# Collected data

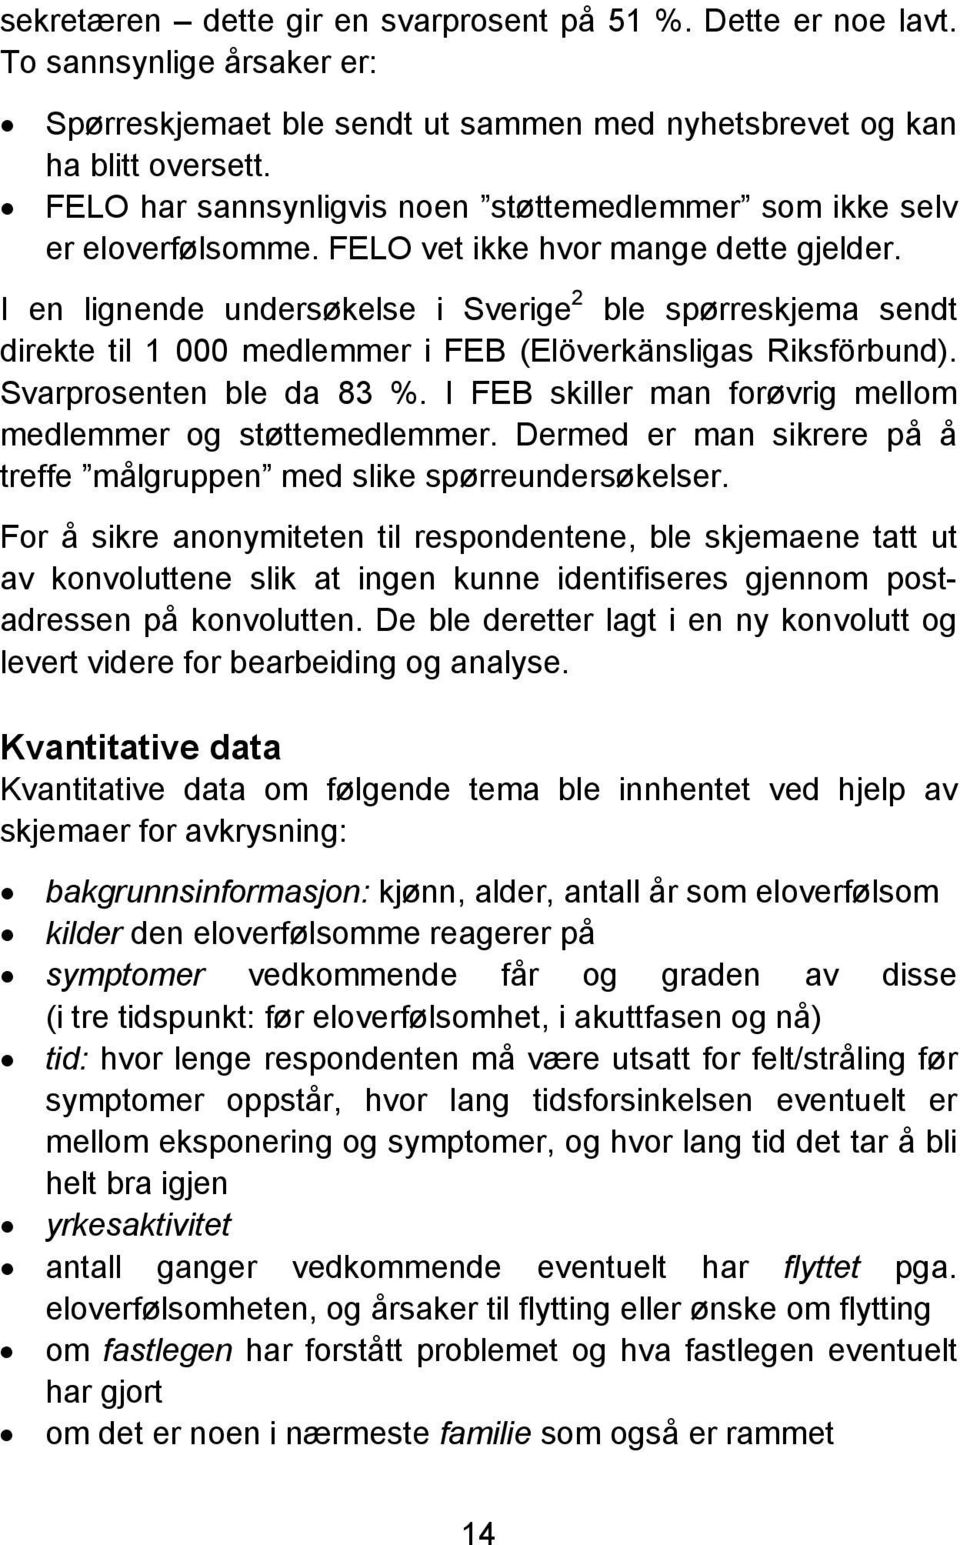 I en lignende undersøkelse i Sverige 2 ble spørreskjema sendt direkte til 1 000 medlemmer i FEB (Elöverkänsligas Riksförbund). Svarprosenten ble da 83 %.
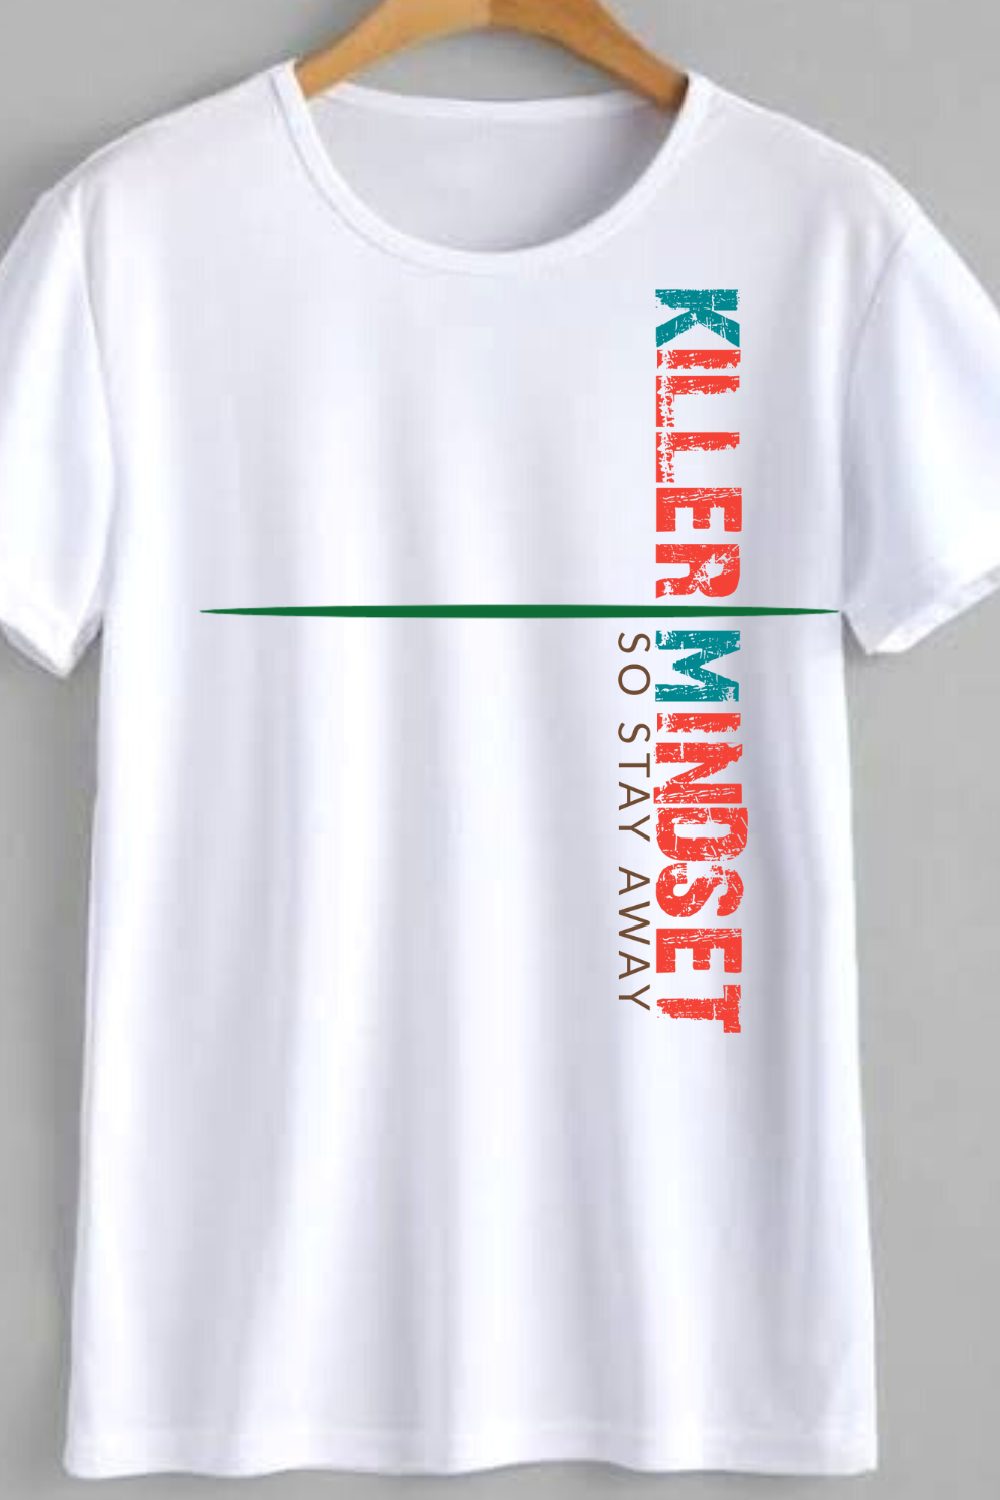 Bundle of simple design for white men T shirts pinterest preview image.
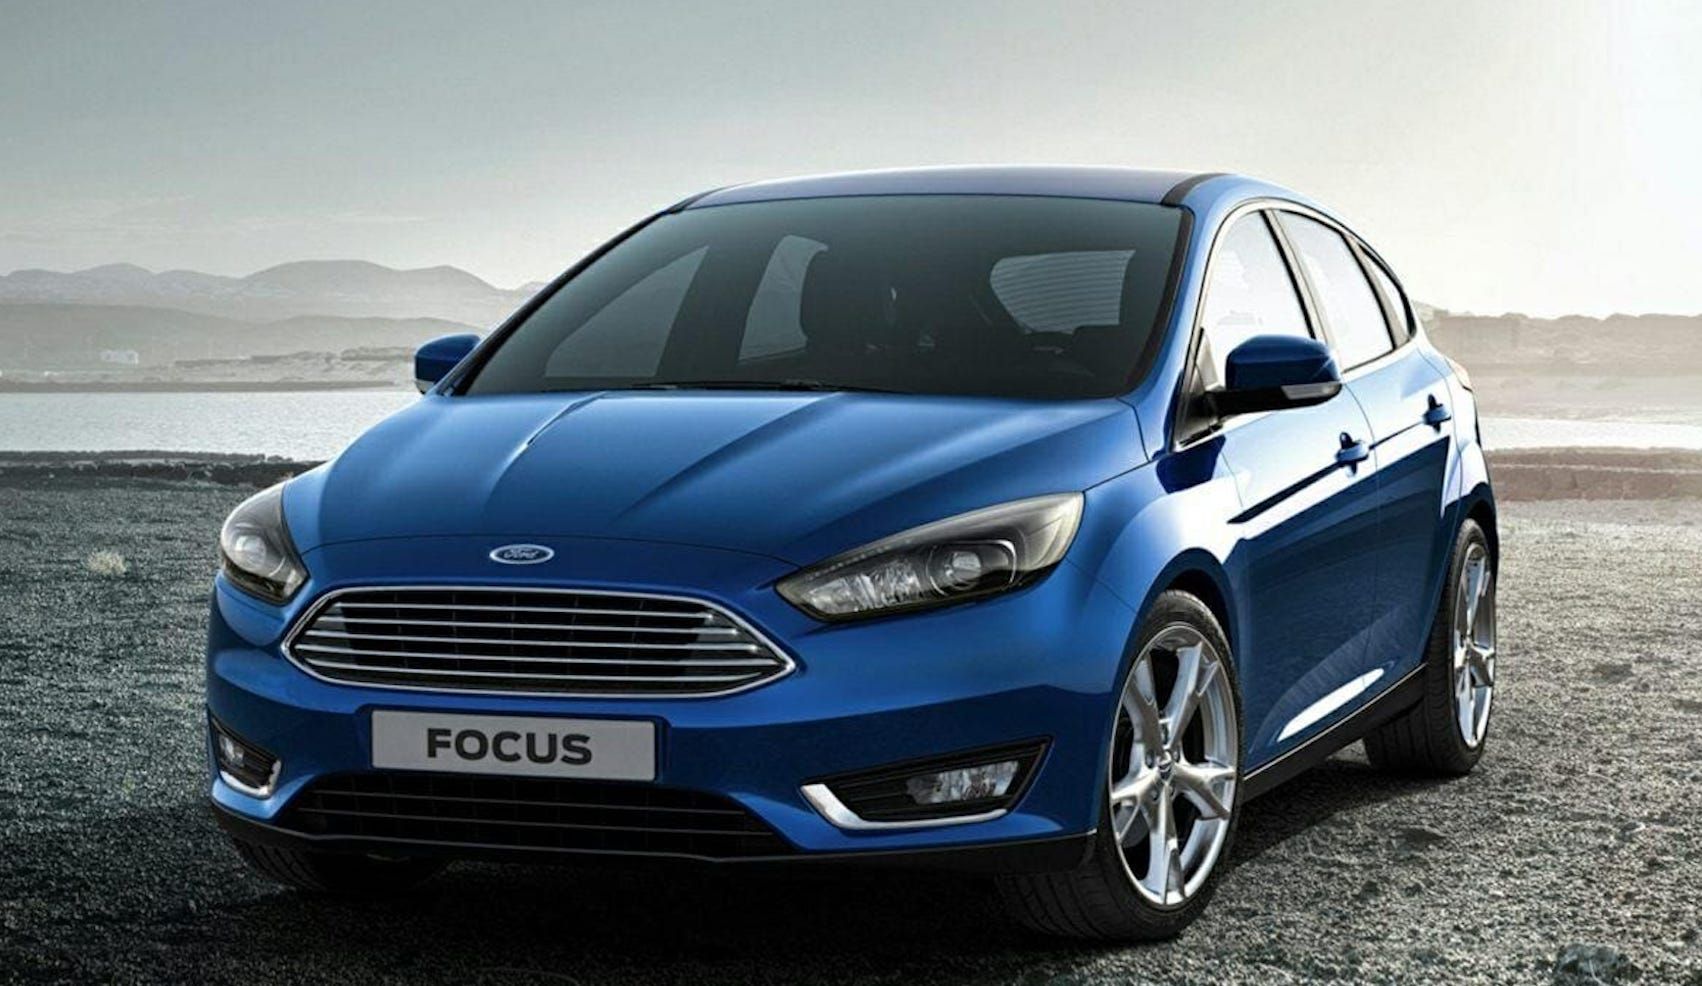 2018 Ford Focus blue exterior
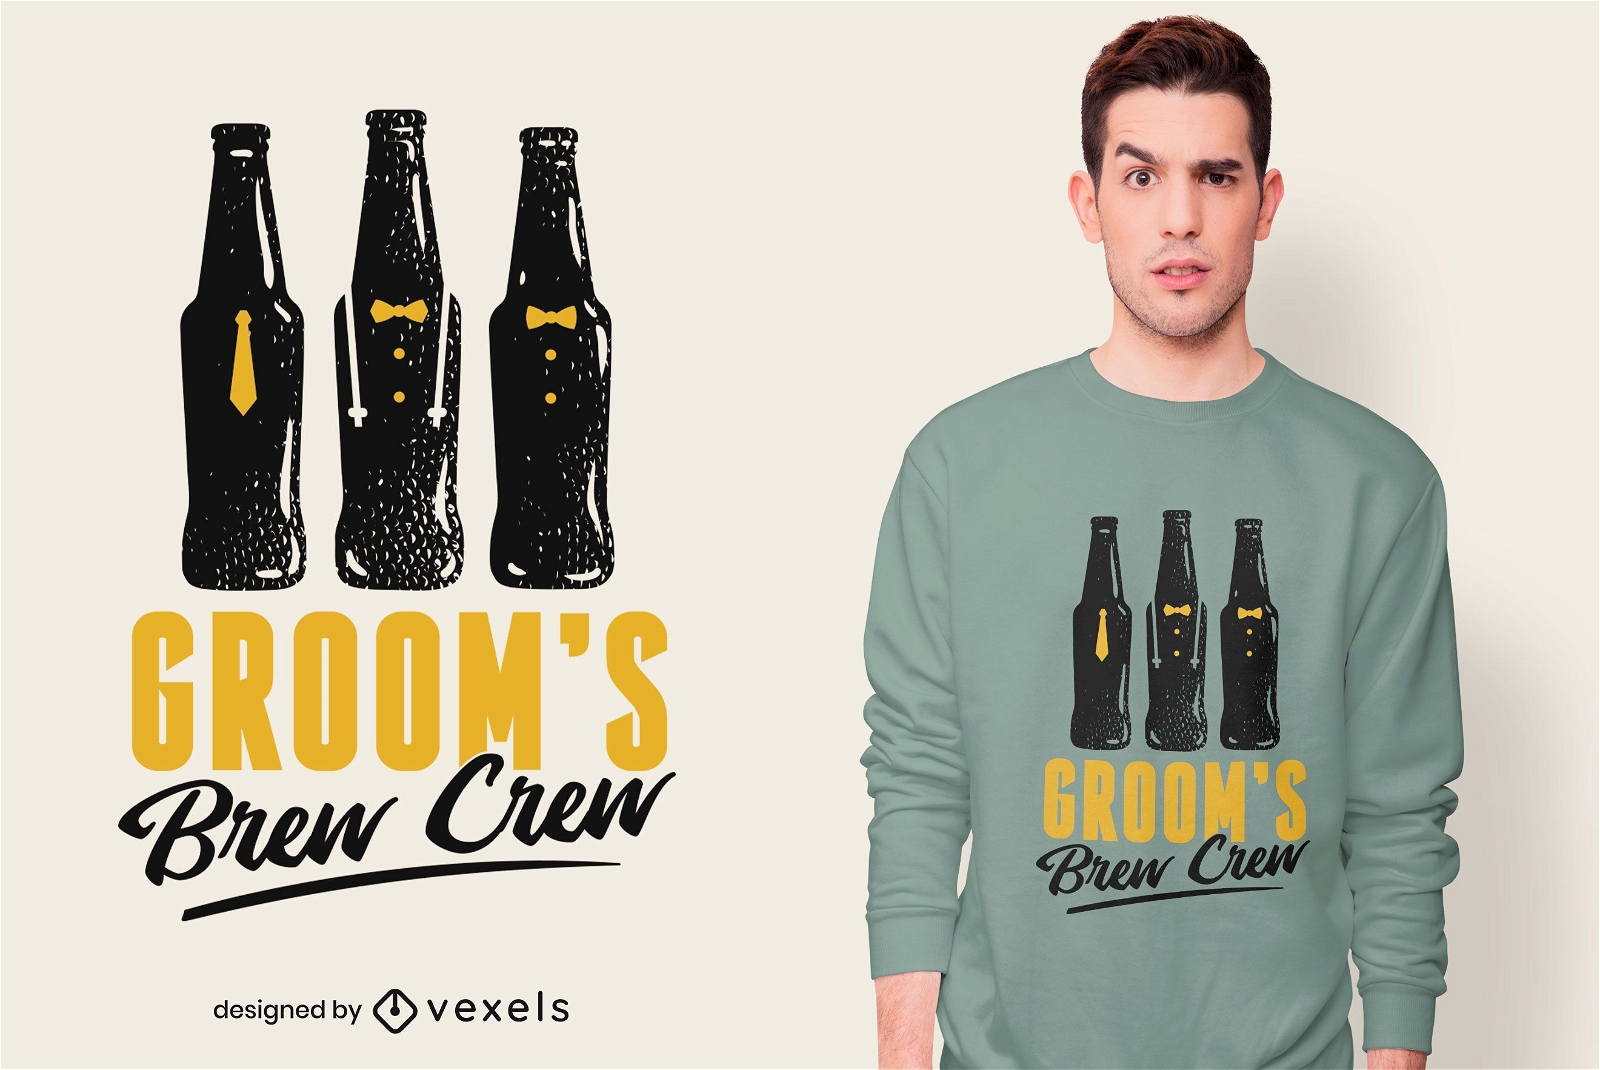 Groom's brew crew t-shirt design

# Problem to solve
Quote the material in full and exactly; do not carry over its pictures.

# Result for this exercise
 I en lignende undersøkelse i Sverige 2 ble spørreskjema sendt direkte til 1 000 medlemmer i FEB (Elöverkänsligas Riksförbund). Svarprosenten ble da 83 %.
 Bundle of simple design for white men T shirts pinterest preview image.
 2018 Ford Focus blue exterior
 Groom's brew crew t-shirt design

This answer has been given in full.